When reviewing the airline sector, the moves made by Republic Airways Holdings Inc. (NASDAQ:RJET) appear to be all the right ones. In an industry long focused on market share and size, the airlines as a group have undertaken a new dedication to focusing on profits regardless of market share or supposed industry importance.
Republic Airways Holdings Inc. (NASDAQ:RJET) is a jumbled group of airlines including Chautauqua Airlines, Frontier Airlines, Republic Airlines, and Shuttle America, serving more than 1,500 flights daily. Probably surprising to most is that the airline also serves as a fixed-fee flight operator for AmericanConnection, Delta Connection, United Express, and US Airways Express.
The company competes in the ultra-low-cost-carrier (ULCC) segment versus the better run companies Allegiant Travel Company (NASDAQ:ALGT) and Spirit Airlines Incorporated (NASDAQ:SAVE). As the one-year chart below shows, this airline segment as a whole has done well over the last year:
The right moves
Like most in the industry, the company reported a quarterly profit during Q1 for the first time in many years. In order to achieve this target, the company made numerous moves, including cutting revenue. The beneficial moves included the following:
- Republic operated 12 fewer E190 aircraft under operations with Frontier. Five of the aircraft were sold, two were returned to lessors, while the remaining five were turned into fixed-fee charters.
- Republic placed 16 Q400 aircraft into service at United.
- For June 2013, Frontier had a 19% reduction in available seat miles (ASMs) via reducing the amount of Airbus planes operated by four.
The Republic segment actions led to an 8.6% reduction in revenue, led by a $52 million reduction in passenger revenue. Combined with a 9.4% increase in fixed-fee service revenues and a dramatic $46 million drop in fuel costs, the company was able to increase the pre-tax operating income. Likewise, the Frontier segment turned a 9.2% decline in revenue into a large drop in fuel cost and a smaller pre-tax loss.
Incredible load factor at Frontier
With the dramatic 19% reduction in ASMs for June 2013, Frontier Airlines was able to set a new record with a 94% load factor for a month. Unfortunately, all the work only increased the load factor from 93% last year.
For the year, the load factor is only 89% compared to 86% through June last year. Considering the segment had a $20 million pre-tax loss during Q1, Republic will need the record load factor in order to generate any profits from the segment.
Cheap industry in general
The above moves by Republic Airways Holdings Inc. (NASDAQ:RJET) reinforce the general airline focus of improving profits regardless of revenues and market share.

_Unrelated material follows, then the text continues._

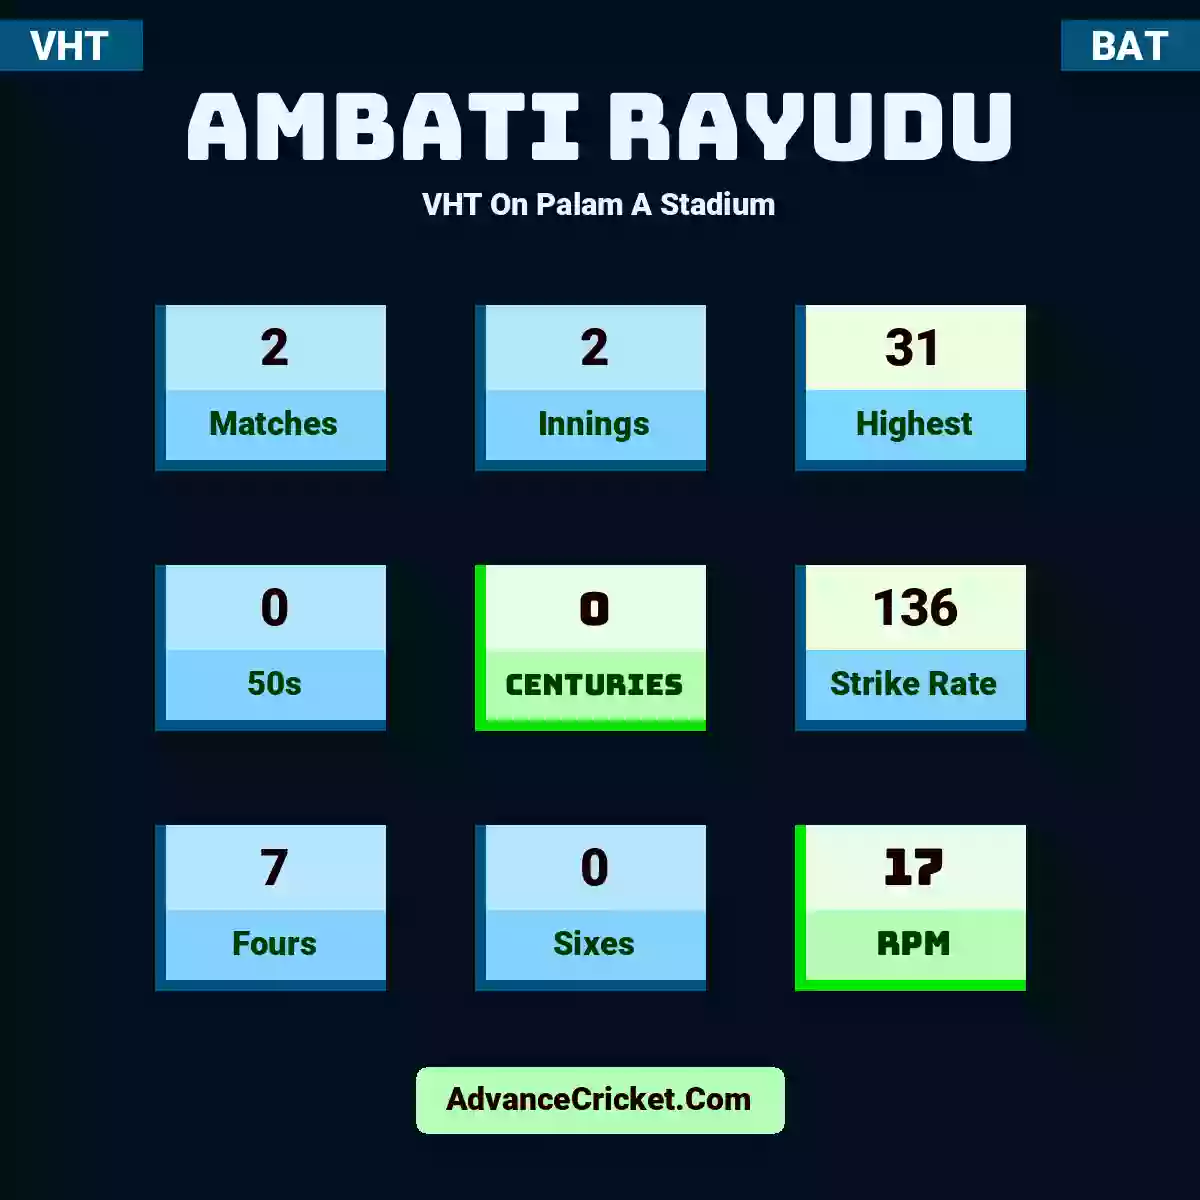 Ambati Rayudu VHT  On Palam A Stadium, Ambati Rayudu played 2 matches, scored 31 runs as highest, 0 half-centuries, and 0 centuries, with a strike rate of 136. A.Rayudu hit 7 fours and 0 sixes, with an RPM of 17.

Unfortunately the Frontier segment hasn’t been unable to compete with the profits of either Allegiant Travel Company (NASDAQ:ALGT) or Spirit Airlines Incorporated (NASDAQ:SAVE) in the ULCC segment. Both of those airlines have summer operating margins in excess of 15% and therefore trade at multiples of revenue.
Republic Airways Holdings Inc. (NASDAQ:RJET) trades at one of the lowest sales multiples; this shouldn’t be a huge surprise considering the weak margins at Frontier. In addition, Republic has declining revenue while Spirit is growing over 20% and Allegiant Travel Company (NASDAQ:ALGT)is pegged at around 10% growth.